Sénégal: La CNDH de Amsatou Sow Sidibé réagit à la fuite d'une correspondance secrète du l'affaire Farba Ngom - «La publication d'un courrier estampillé confidentiel constitue une infraction passible de poursuites judiciaires»

11 Septembre 2025

Dans l'attente d'une décision du juge d'instruction, les prochains heures ou jours, sur l'affaire du député Farba Ngom, un courrier officiel de la Commission nationale des droits de l'homme du Sénégal (CNDH) adressé, le 2 septembre dernier, au président du Collège des juges d'instruction, pour solliciter sa libération provisoire pour raisons médicales, a fuité dans les médias. La CNDH apporte des éclairages par rapport à la diffusion dans la presse de cette correspondance confidentielle relative au dossier du détenu, maire des Agnam, membre de l'ancien parti au pouvoir, l'APR.

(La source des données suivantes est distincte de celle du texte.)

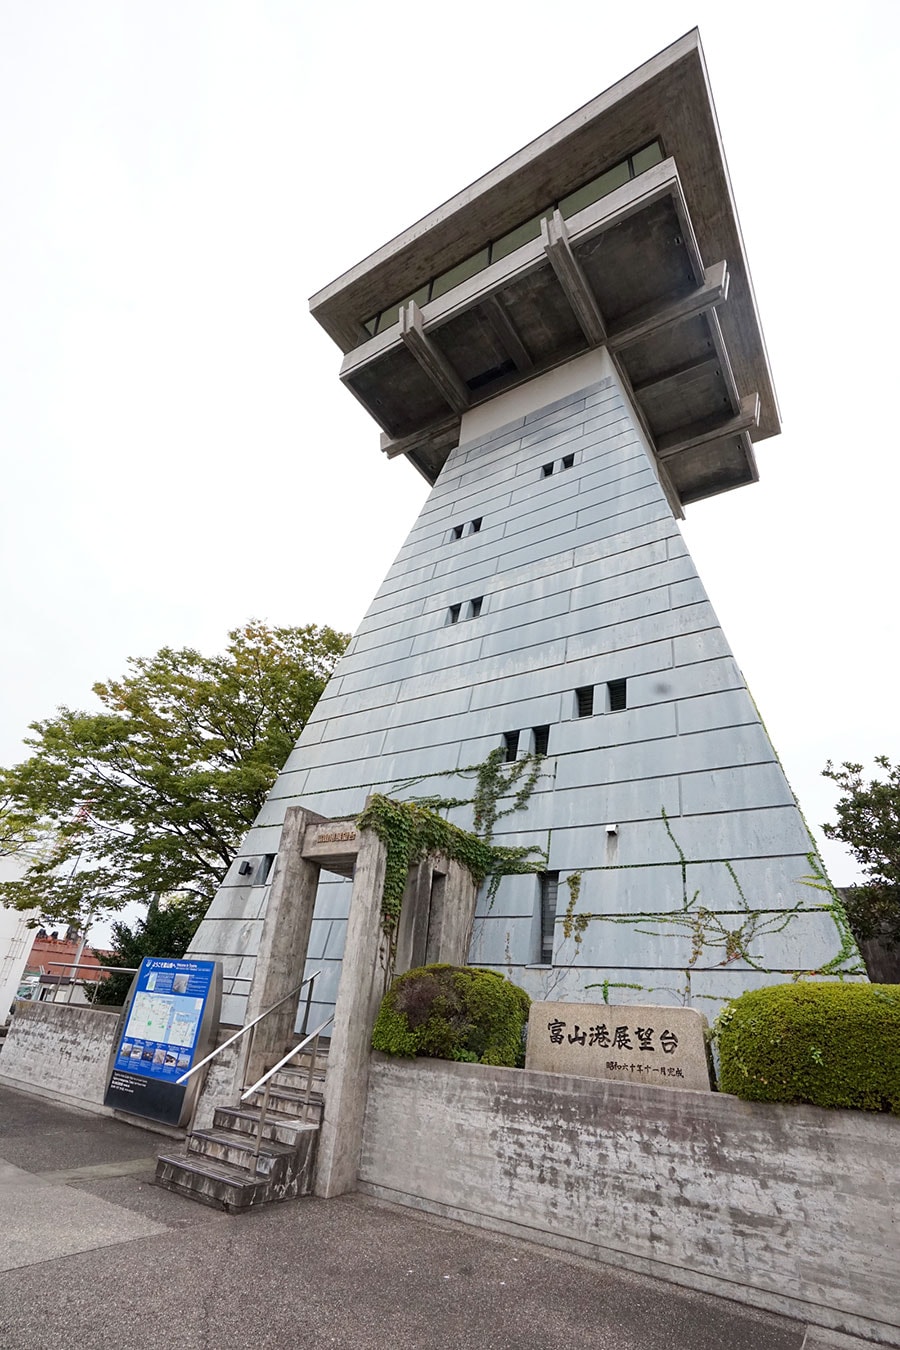 「富山港展望台」は、かつては行き交う船の安全を見守る灯台として使われていた。

La Commission rappelle que ses interventions auprès des autorités compétentes sont «strictement confidentielles et ne sont rendues publiques que via le rapport annuel présenté au Président de la République, conformément à l'article 7 de la loi relative à la CNDH».

Cette confidentialité vise à garantir le respect des droits fondamentaux des personnes concernées, quel que soit leur statut social, en accord avec les normes juridiques nationales et les instruments internationaux ratifiés par le Sénégal, précise d'emblée un communiqué de la Division communication de l'instance dirigée par Pr Amsatou Sow Sidibé, qui met ainsi en garde : «La publication d'un courrier estampillé confidentiel constitue une infraction passible de poursuites judiciaires et pourrait porter atteinte aux droits des victimes».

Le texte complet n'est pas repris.